Stochastic Geometry for Modeling and Analysis of Sensing and Communications: A Survey

Integrated sensing and communication (ISAC) is a promising technology for next-generation wireless networks, enabling applications that require enhanced communication and precise sensing capabilities. Notable examples include smart environments, augmented and virtual reality, and the internet of things, where the functionalities of intelligent sensing and broadband communications are paramount. Consequently, ISAC has attracted significant research interest from academia and industry, resulting in numerous investigations conducted over the past decade. The literature encompasses a diverse range of articles, including system models, performance evaluations, and optimization studies of various ISAC designs. Stochastic geometry (SG) is the study of random spatial patterns. As such, SG tools have been used to evaluate the performance of wireless networks with different types of nodes.

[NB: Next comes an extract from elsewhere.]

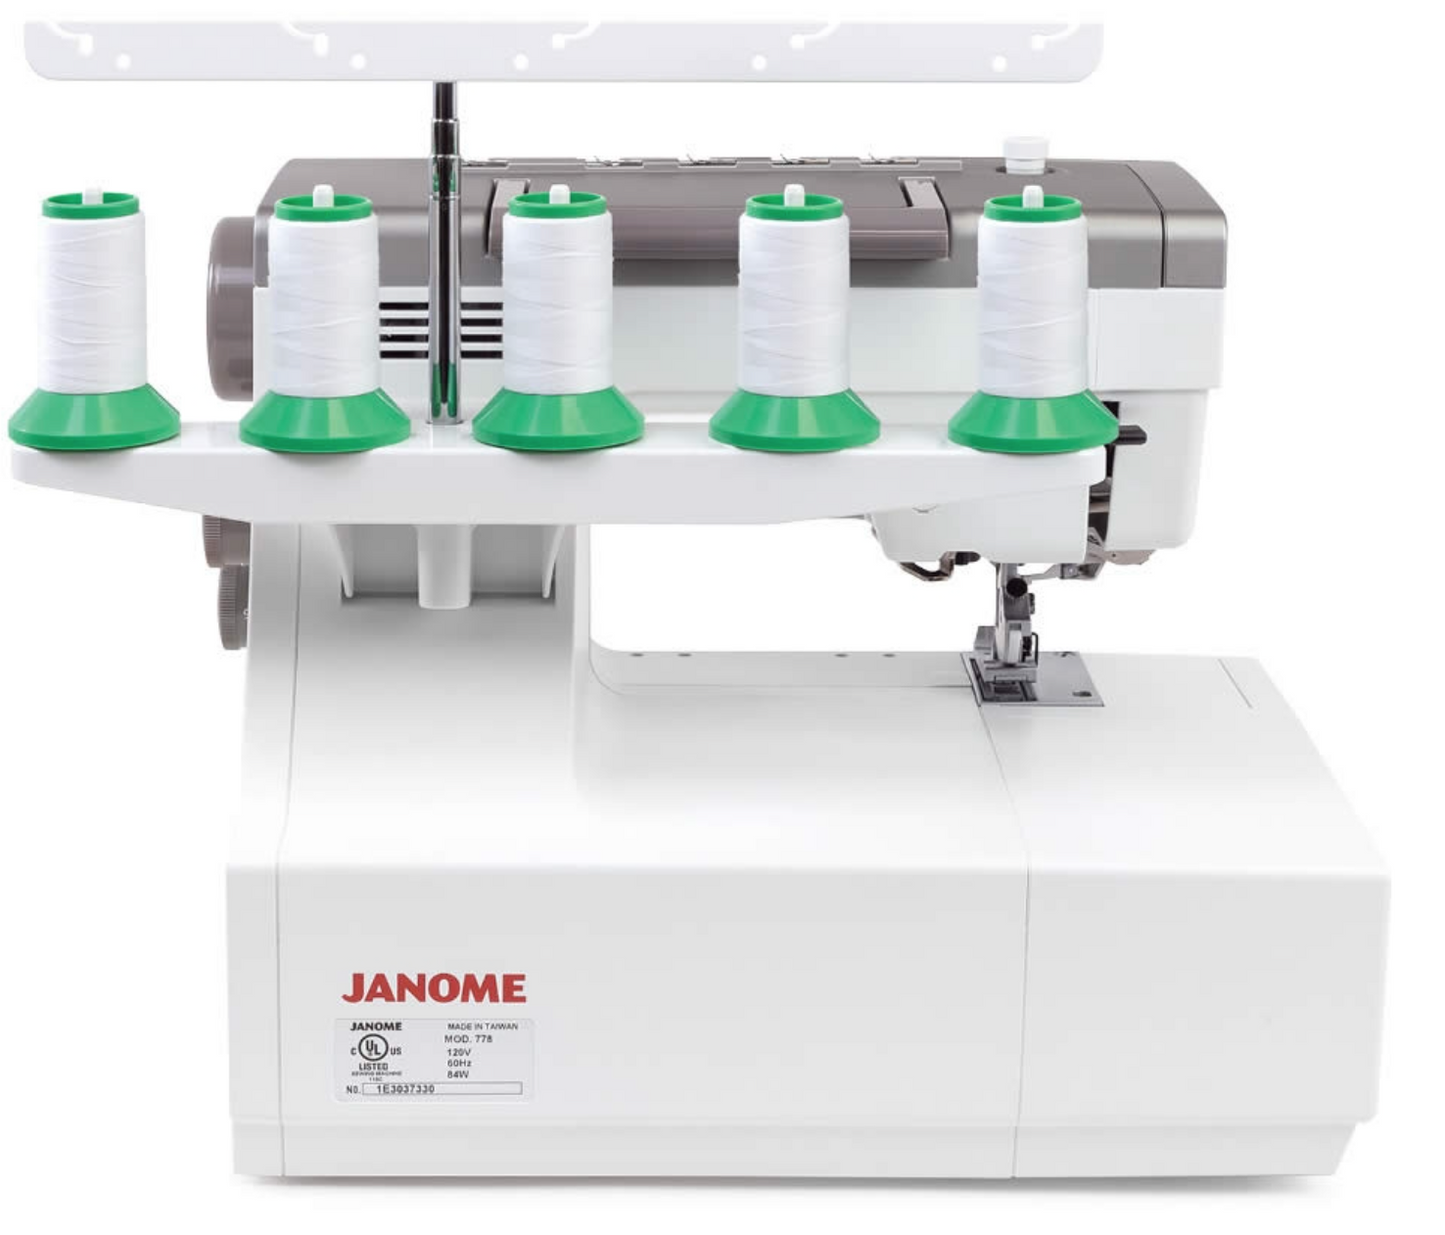 Janome CP3000P Cover Stitch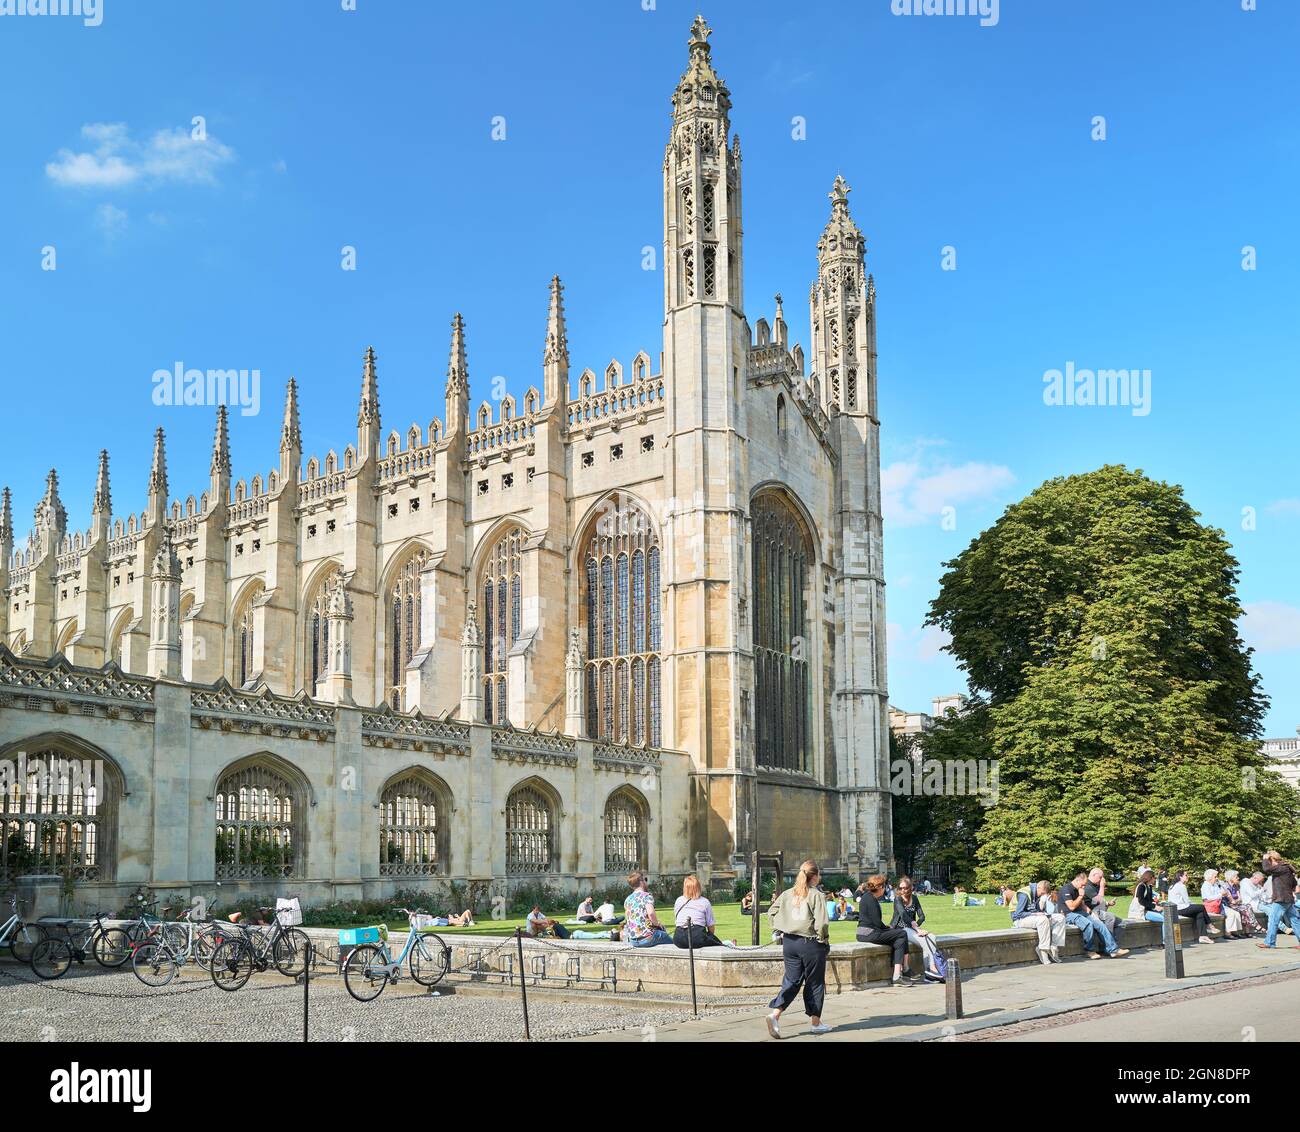 De nombreux touristes s'assoient et se détendent sur le mur inférieur à l'extérieur de la chapelle du King's College, université de Cambridge, Angleterre, lors d'une journée ensoleillée d'été. Banque D'Images

In this paper, we present a comprehensive survey of current research on the performance evaluation of ISAC systems that employ SG tools. The survey covers terrestrial, aerial, and vehicular networks, addressing the random spatial location of network elements, propagation scatterers, and blockages through various point processes. The paper begins with an overview of ISAC technology, SG tools, and performance evaluation metrics for communication and sensing. Next, we elaborate on the technical components of the system models employed in the surveyed literature. Then, we present pertinent literature findings across diverse network types using three levels of integration: sensing-assisted communication, communication-assisted sensing, and collaborative sensing and communication. Lastly, we discuss the challenges and potential directions of forthcoming research.